■ **Information shown**
:::::
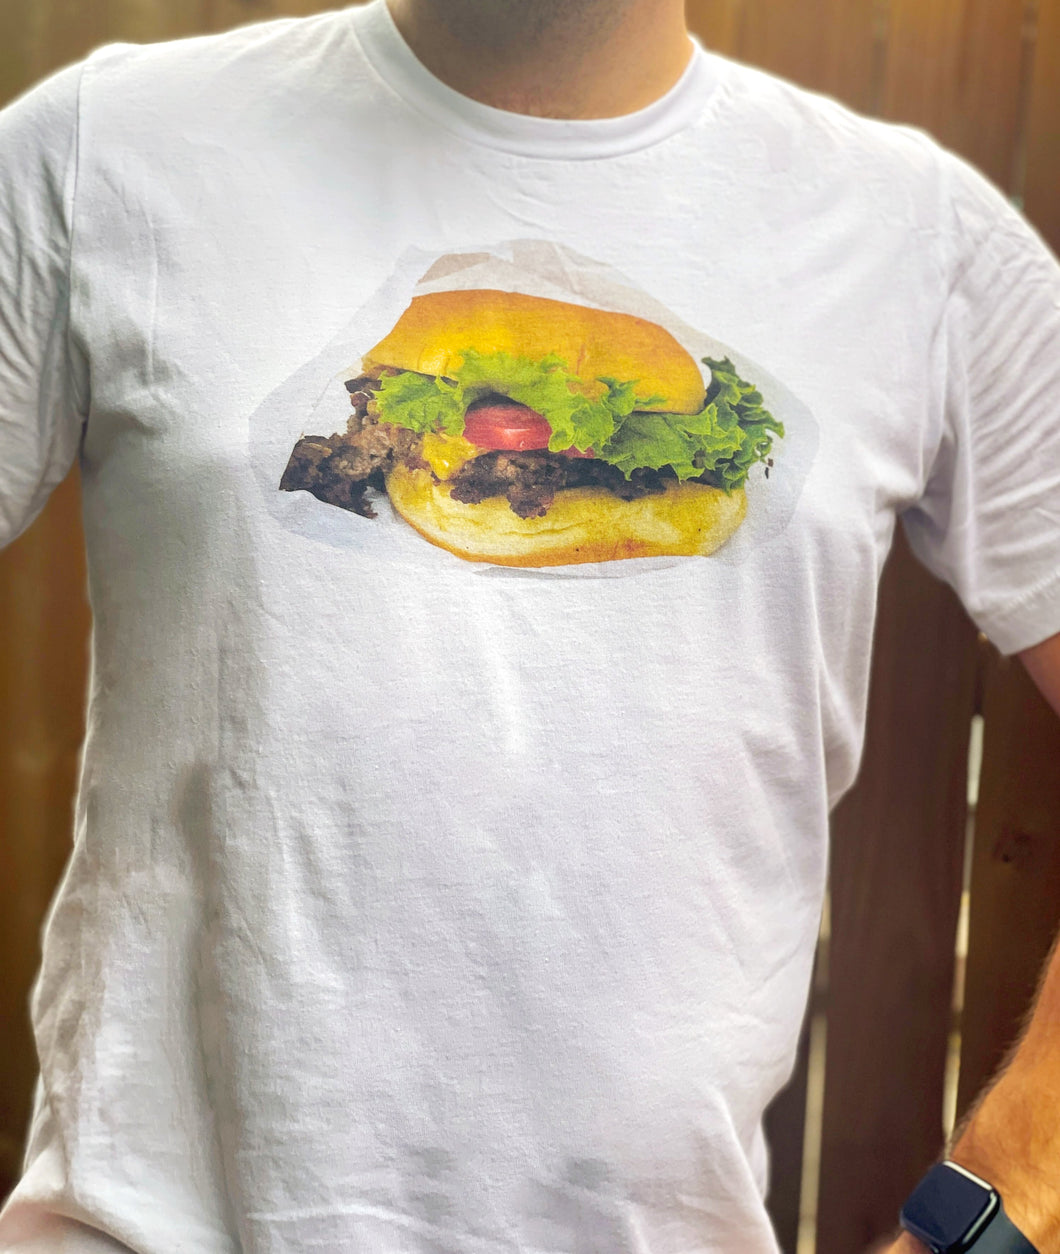 The Hamburger and Cheese Sandwich T-Shirt
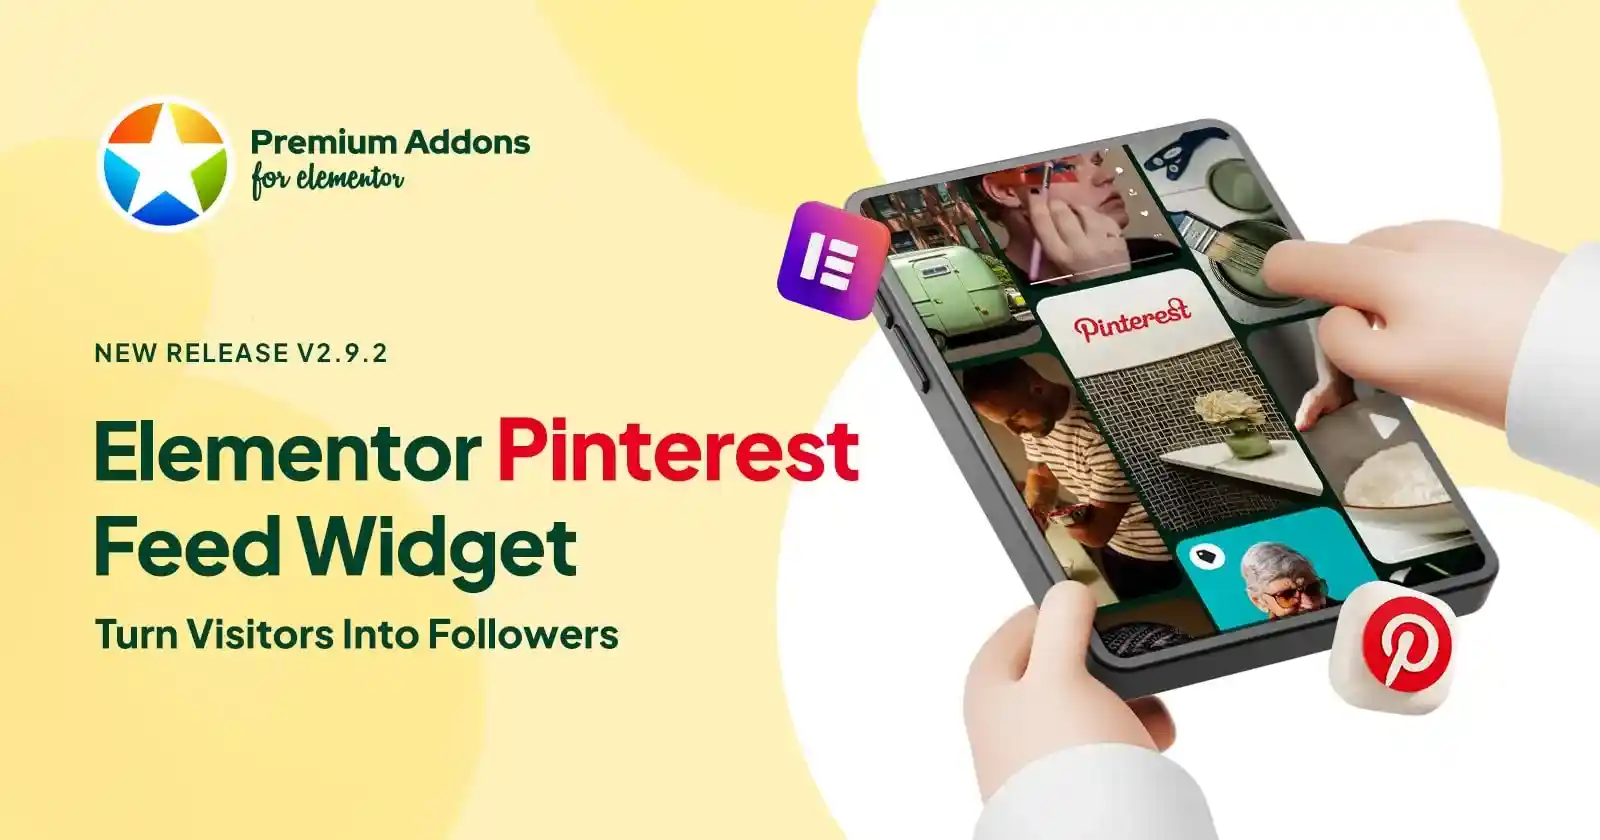 Elementor Pinterest Feed Widget in Premium Addons Plugin
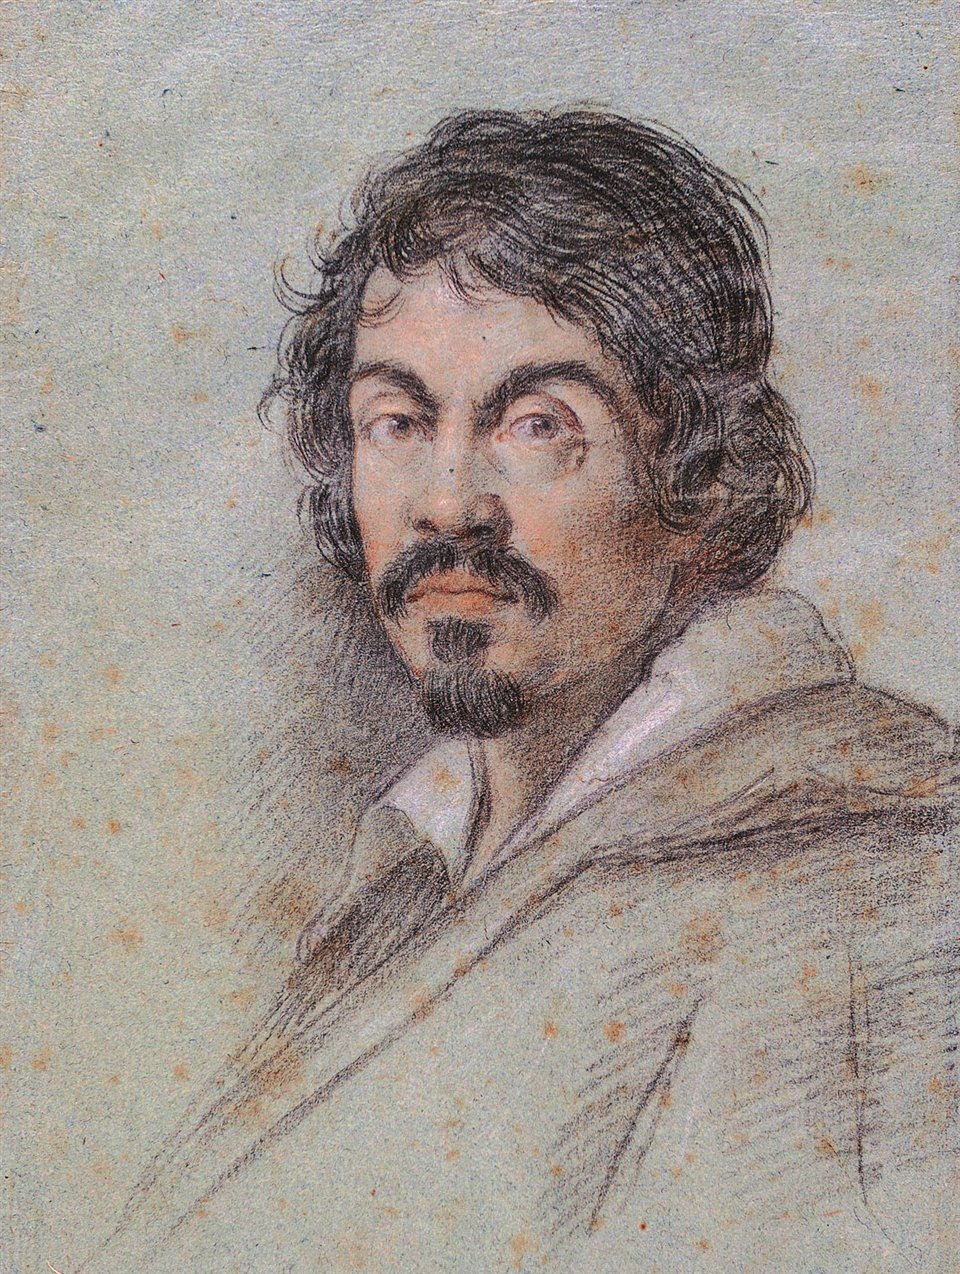 65a83a3b66b33 Caravaggio: Quem Foi O Artista, Obras E Características
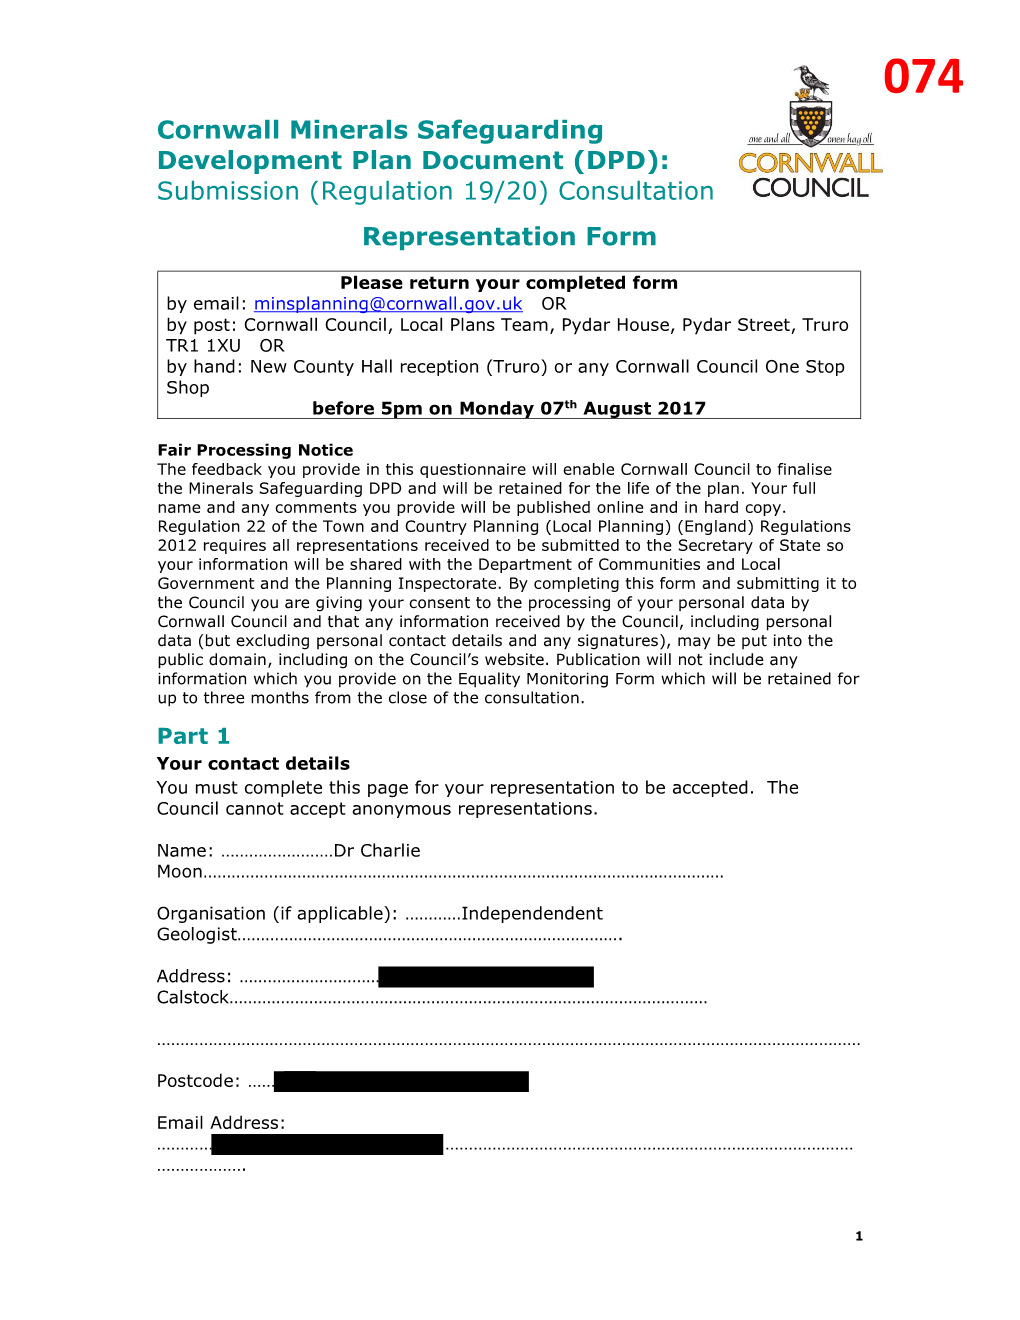 Cornwall Minerals Safeguarding Development Plan Document (DPD): Submission (Regulation 19/20) Consultation Representation Form
:::::
■ **What is expected**
Word for word, print the material above, but without its pictures.

■ **Your solution**
 The Hamburger and Cheese Sandwich T-Shirt
 Elementor Pinterest Feed Widget in Premium Addons Plugin
 65a83a3b66b33 Caravaggio: Quem Foi O Artista, Obras E Características
 Cornwall Minerals Safeguarding Development Plan Document (DPD): Submission (Regulation 19/20) Consultation Representation Form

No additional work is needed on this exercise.